Lessons from Disney+ Launch
We have been waiting, like many people, for the launch of Disney+. We were genuinely disappointed by the outages and management issues that were covered so widely in the press.
From our perspective, the outages could have been caused by a combination of three things:
- Infrastructure failing to scale on demand during load.
- Architecture of the platform causing bottlenecks.
- Business failing to anticipate the demand for the launch.
The assumption is that Disney+ is running on Azure (compared to Netflix, which runs on AWS). Regardless, the infrastructure failed to scale to handle the demand in ways that truly should not exist in 2020. A robust infrastructure should be able to grow to handle the demand requested, and for the people involved to have plenty of tools to know there is a problem in advance.

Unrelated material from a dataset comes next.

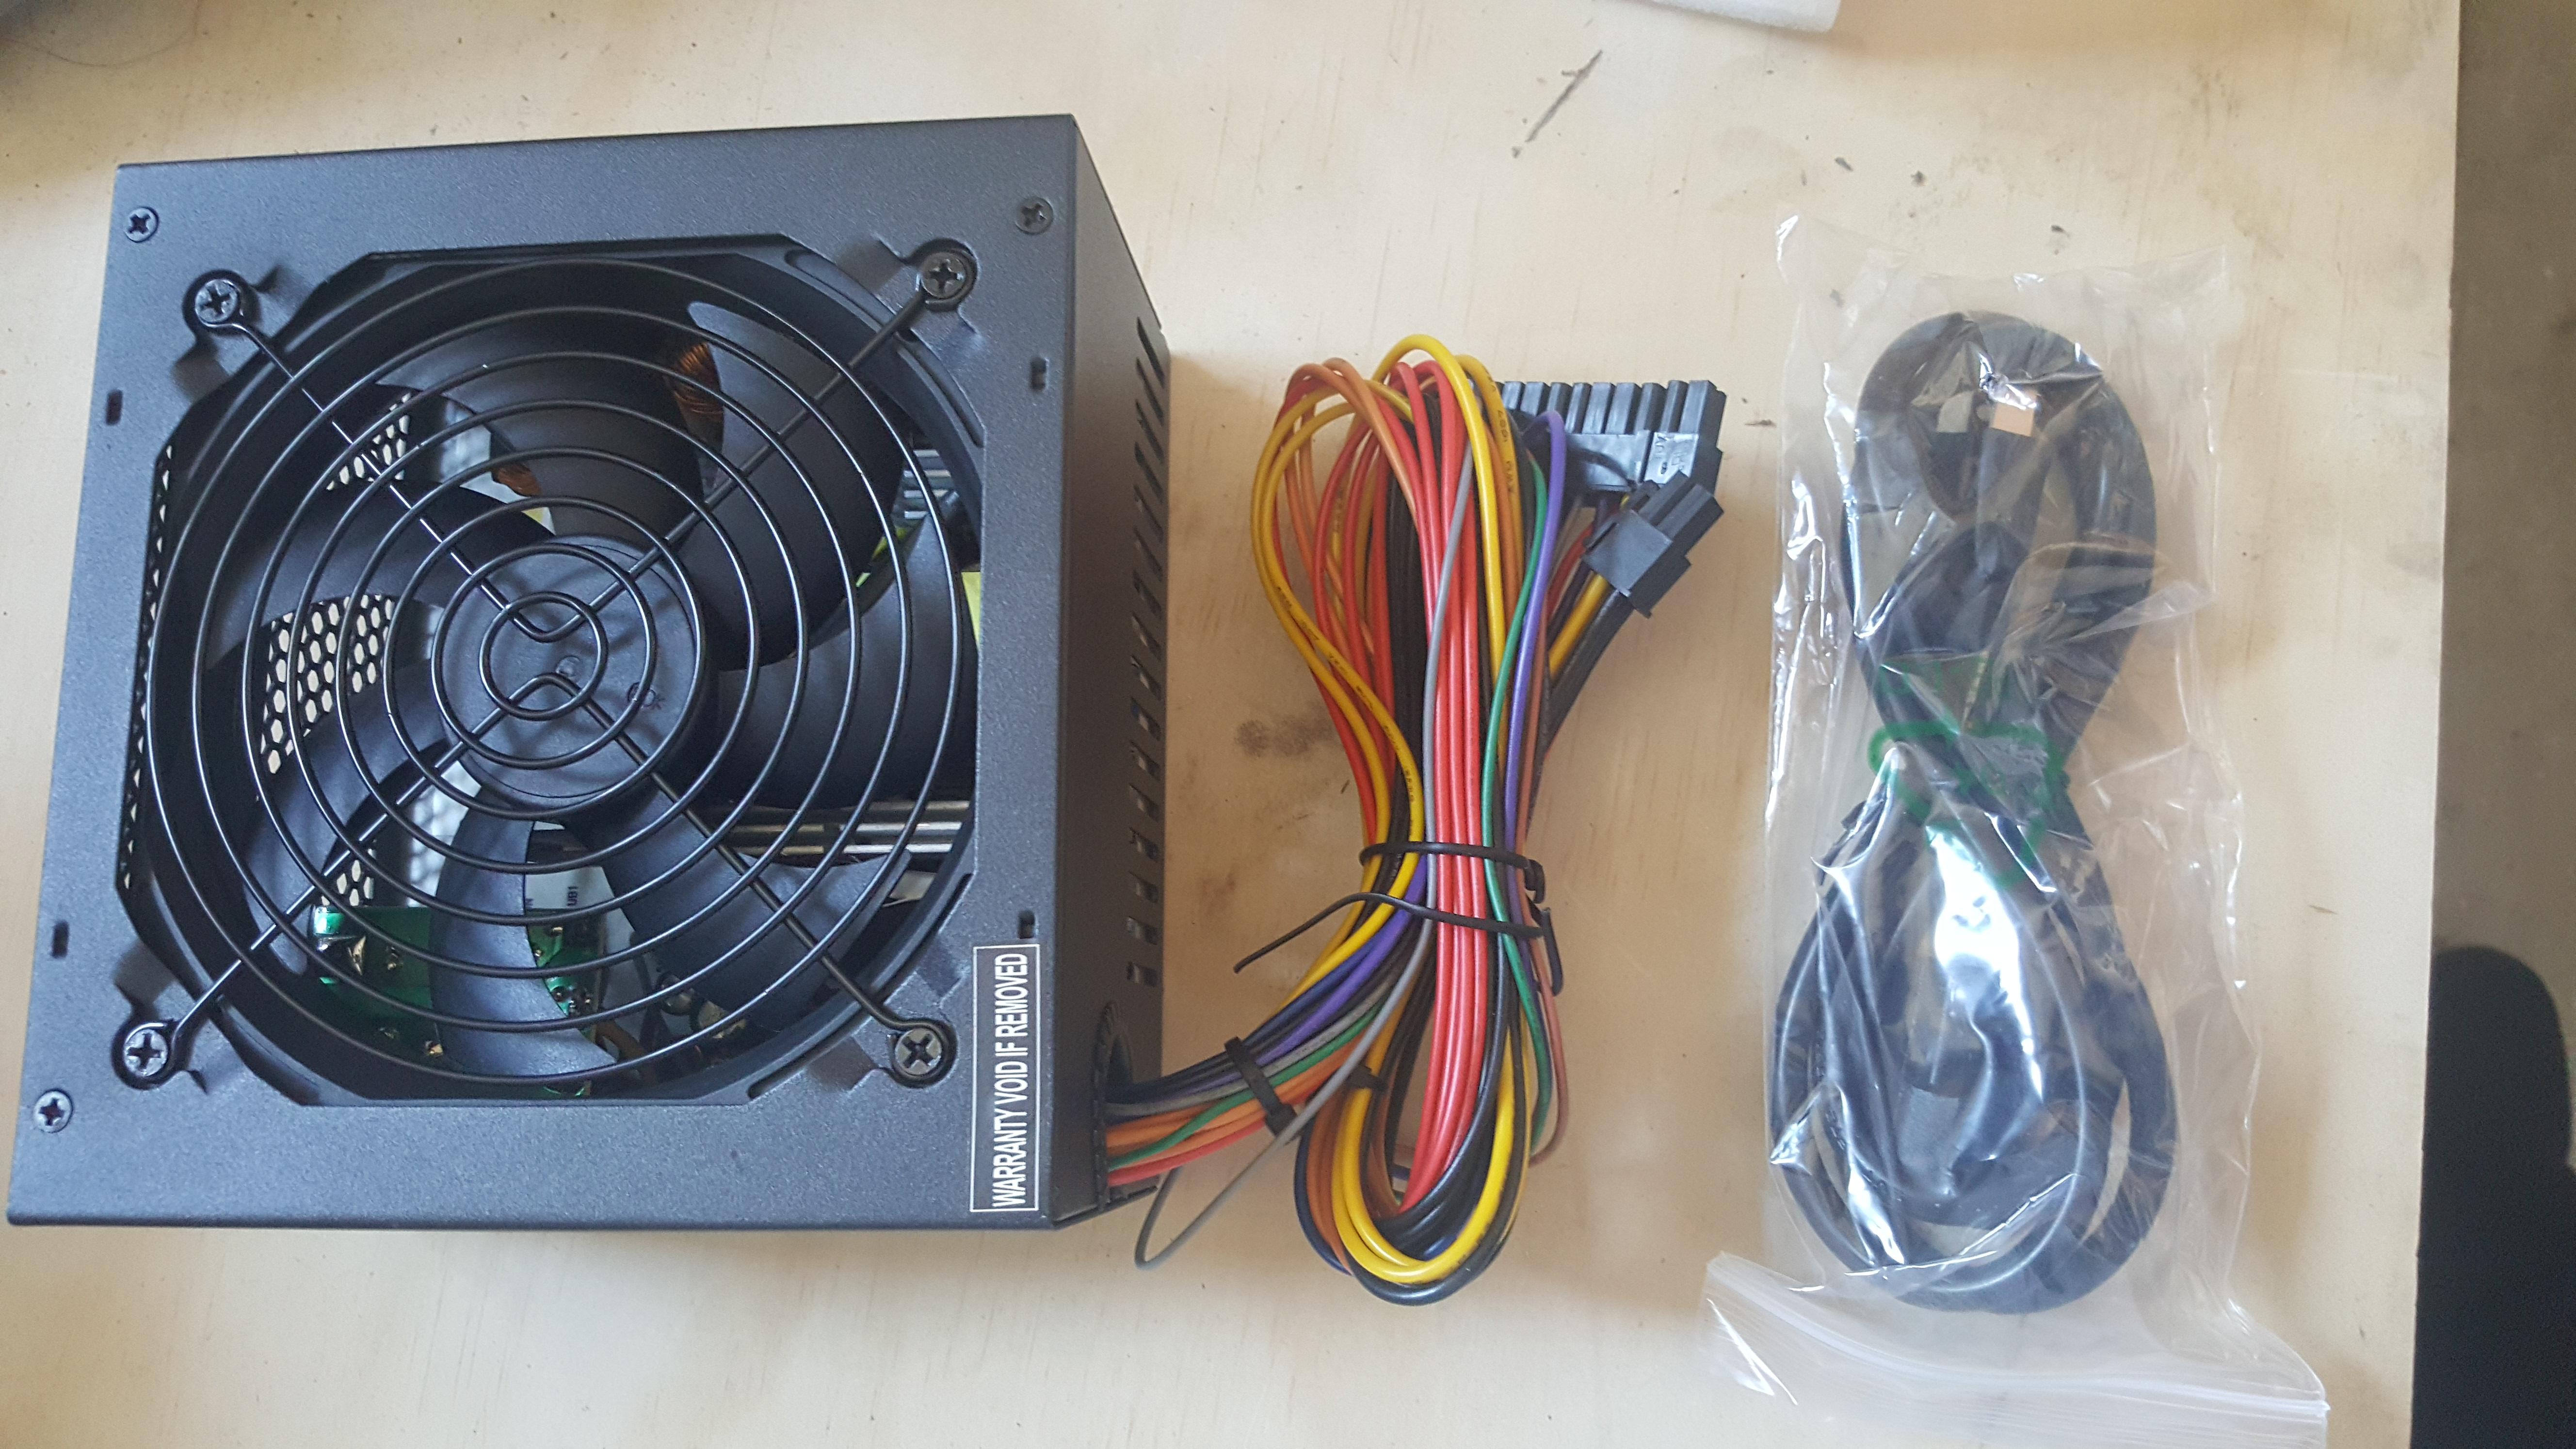 Basic Rigidbot 1 Electronics Upgrade Kit

We are humble and curious about these types of challenges, and offer a few gotchas that we respect such as the architecture causing a bottleneck preventing scaling we’ll touch on this in a second.), non-self healing infrastructure (which is unacceptable for this product), or a cloud provider imposed resource limit (which is worthy of contract termination). To detect and fix these, a robust load test pushes the scenario by periodically killing key resources. Nothing is cooler than running a load test, killing half your servers, and watching them recover.
Platform architecture is important because you want to make sure you aren’t creating bottlenecks for users to go through. The Theory of Constraints say that any scaling you do that isn’t at the most restrictive point won’t yield any improvements. The could ideally be identified by running a load test against real-world scenarios — including beyond-expectation launches. Once detected, the architecture could be changed and corrected.
Launching new products is a tricky business. We need to balance cost, with projected interest in the product. We don’t want to over provision and cost more money, and depending on the product and industry, gaging interest at any given moment can be tricky. For instance, a product might have one million people pre-sign up. But the initial interest spikes to 2 million. Adding to the challenge, platform problems often hit social media and can spiral out of control. What do you do? This is probably the hardest one to fix. Market surveys, pre-registration, and historic performance of platforms all help. But the best fix is to ensure your infrastructure and platform are designed to scale and handle the load.
The cloud puts the ability to do big product launches into the hands of every company. Because of that, everytime there is a rocky launch, we re-evaluate how Metal Toad handles product launches for large high profile events to ensure we aren’t missing something. So far our checklist is holding up against a range of products from CES launches to the Emmys, but we’re continuing to watch the story around Disney+ to see if there are other lessons to learn and improvements to make.